BACKGROUND: Previous research from Western and Eastern countries shows that parents of a sick child want to be involved and to participate during a child's hospitalisation. However, the stay can be stressful and parents have their own needs. Conditions and cultural constructs are different among countries. No published study on parents' or close family caregivers' involvement and participation during paediatric hospitalization has been found for an African population.

OBJECTIVE: The aim of this study was to articulate Mozambican family caregivers' expressed needs, expectations and experiences of hospital care and hospital staff.

SETTING AND PARTICIPANTS: The study was conducted at the Paediatric Clinic at the Central Hospital in Maputo, Mozambique. A sample of 100 family caregivers was chosen, representing one third of all family caregivers of hospitalised children over a one-month period.

DESIGN AND METHOD: A cross-sectional study was conducted, using a questionnaire.

RESULTS: Participating Mozambican family caregivers have, for the most part, a low level of education and reduced socio-economic conditions. This made the admission to and the time in hospital hard to cope with, and difficult for them to understand. The study showed that they were badly informed of anything to do with hospitalisation. They needed explanation and support to make the hospital situation less intimidating. Hospital staff's behaviour was to some extent characterised by attentiveness, kindness, and sympathy, but it was also shown that the family caregivers had experiences of communication difficulties and of being neglected.

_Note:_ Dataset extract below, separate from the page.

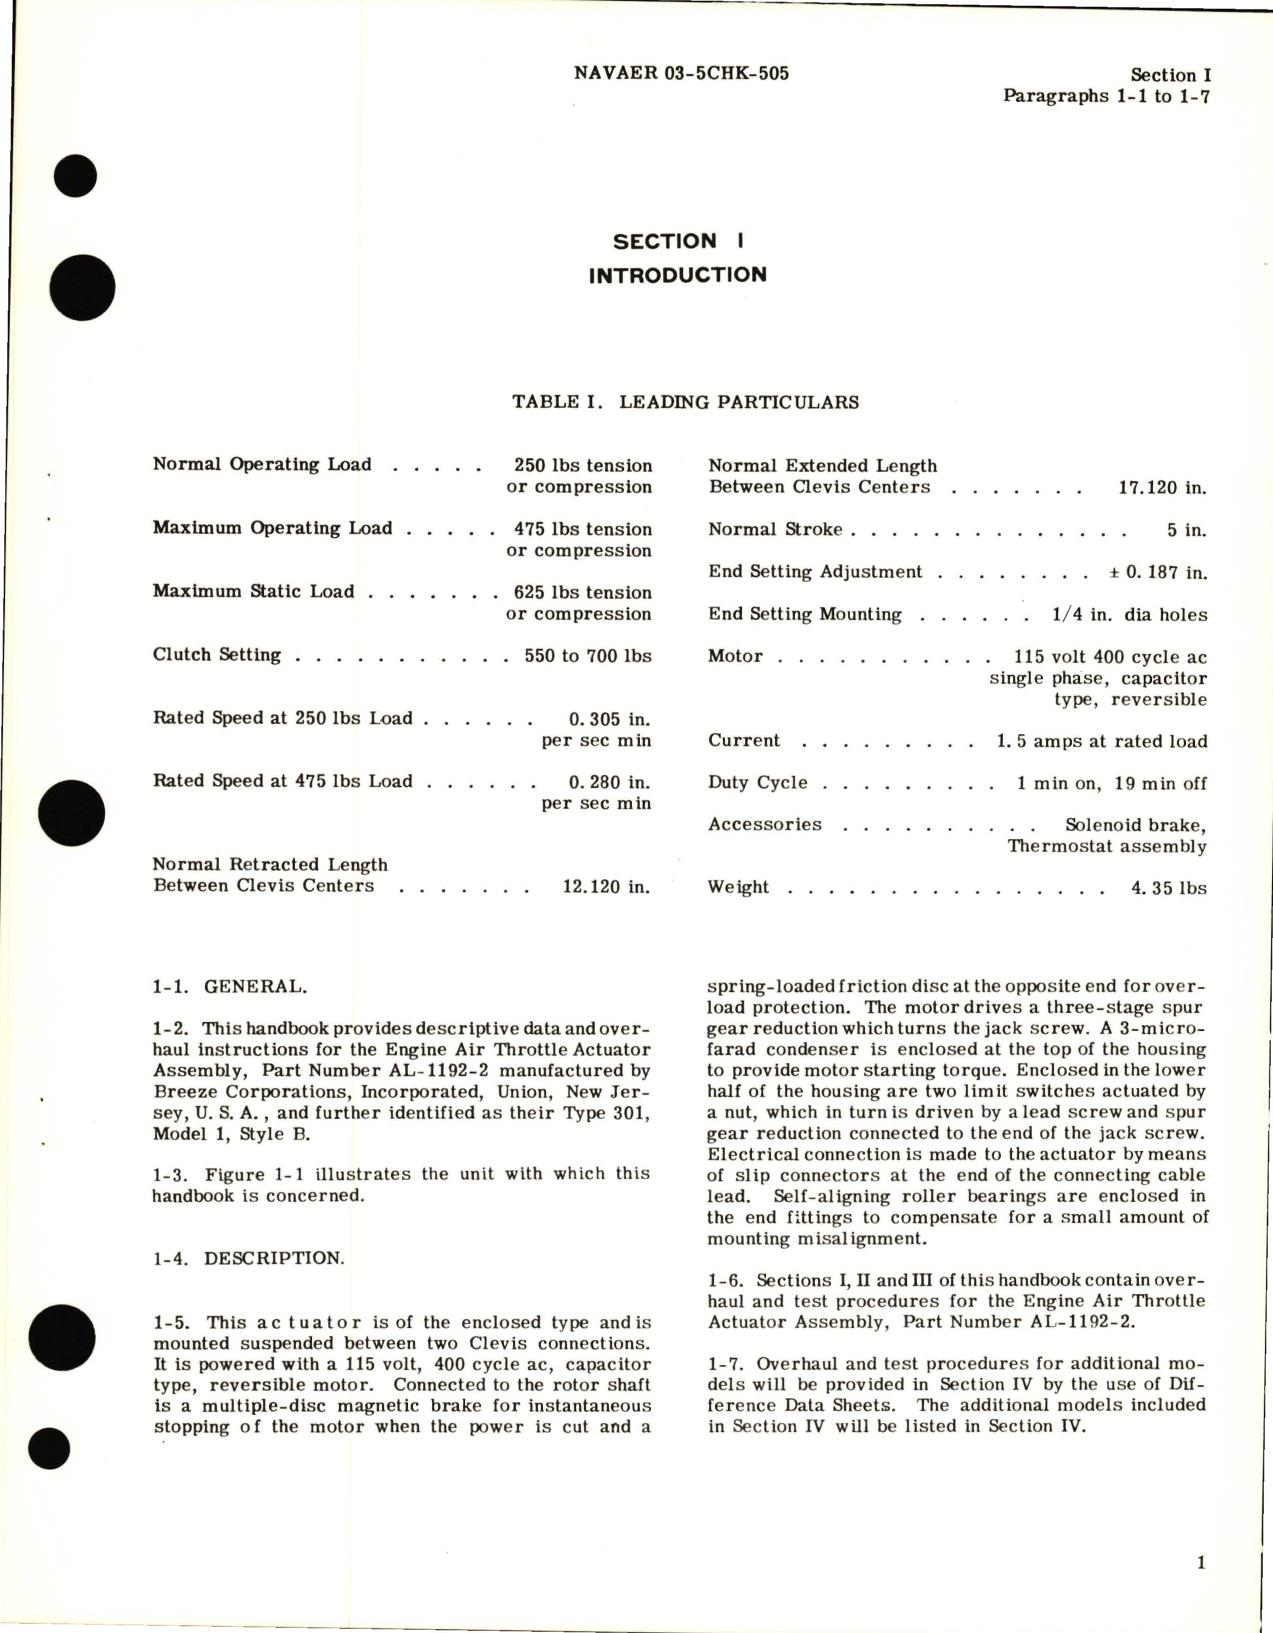 Sample page 5 from AirCorps Library document: Overhaul Instructions for Actuator Assembly Engine Air Throttle, Part No. AL-1192-2, Type 301-1-B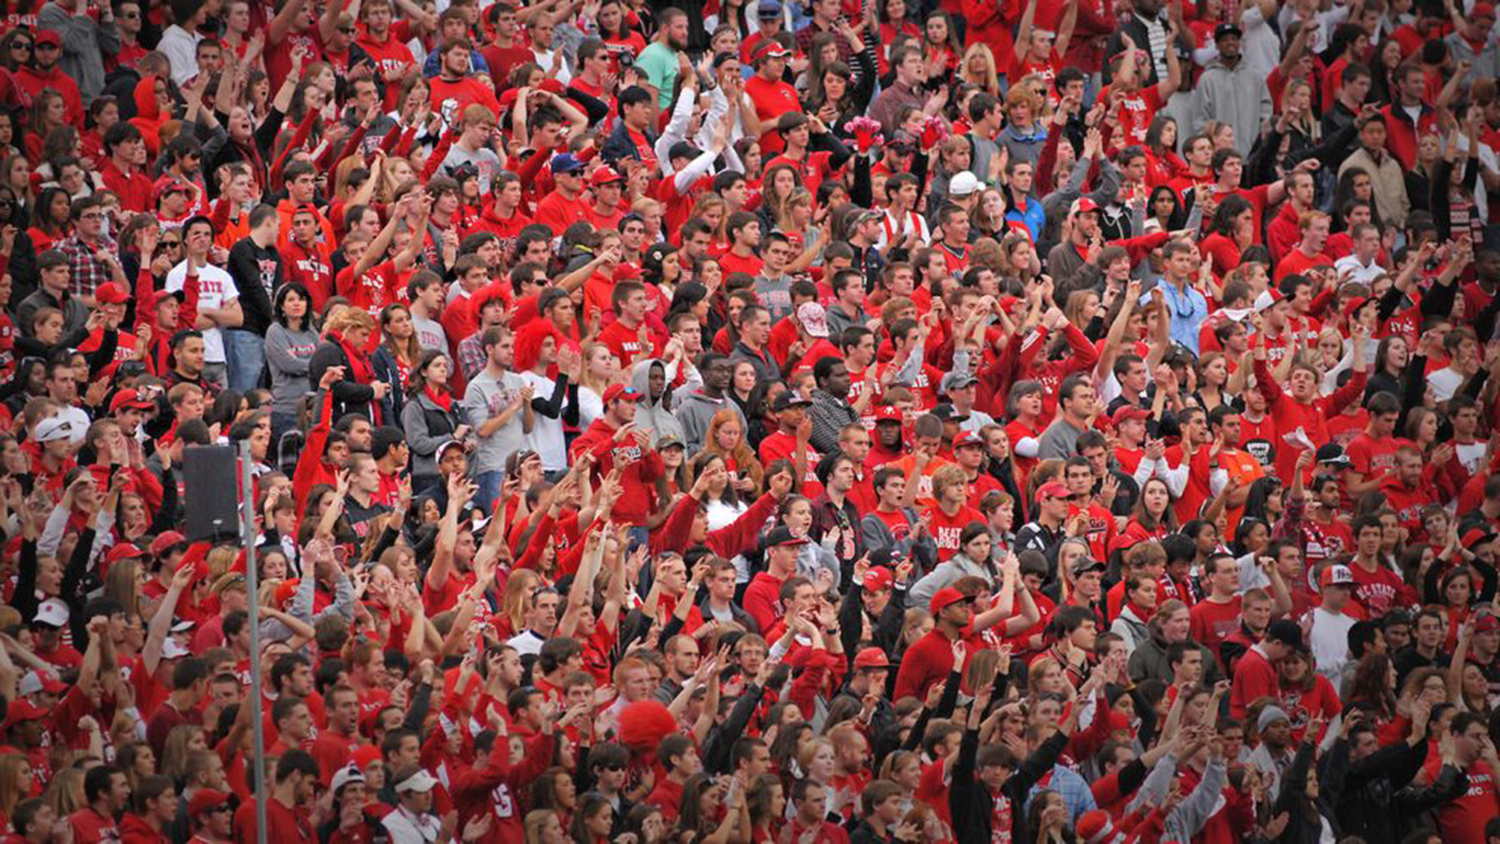 Cheering crowd at an NC State football game.

CONCLUSION: The result, in this Sub-Saharan African context, shows that parents or family caregivers have a desire to be involved in the care of their hospitalised child, much the same as has been shown in studies in Western and Eastern countries. But Mozambican family caregivers' expectations, needs and experiences are rooted not only in poverty, their household situation and the health system, but also in the hierarchical construct of their culture. All these factors influence their communication and relationships. Hospital staff is perceived to be superior. To empower the family caregivers to take part in the caring process in a cultural sensitive way is therefore of great importance.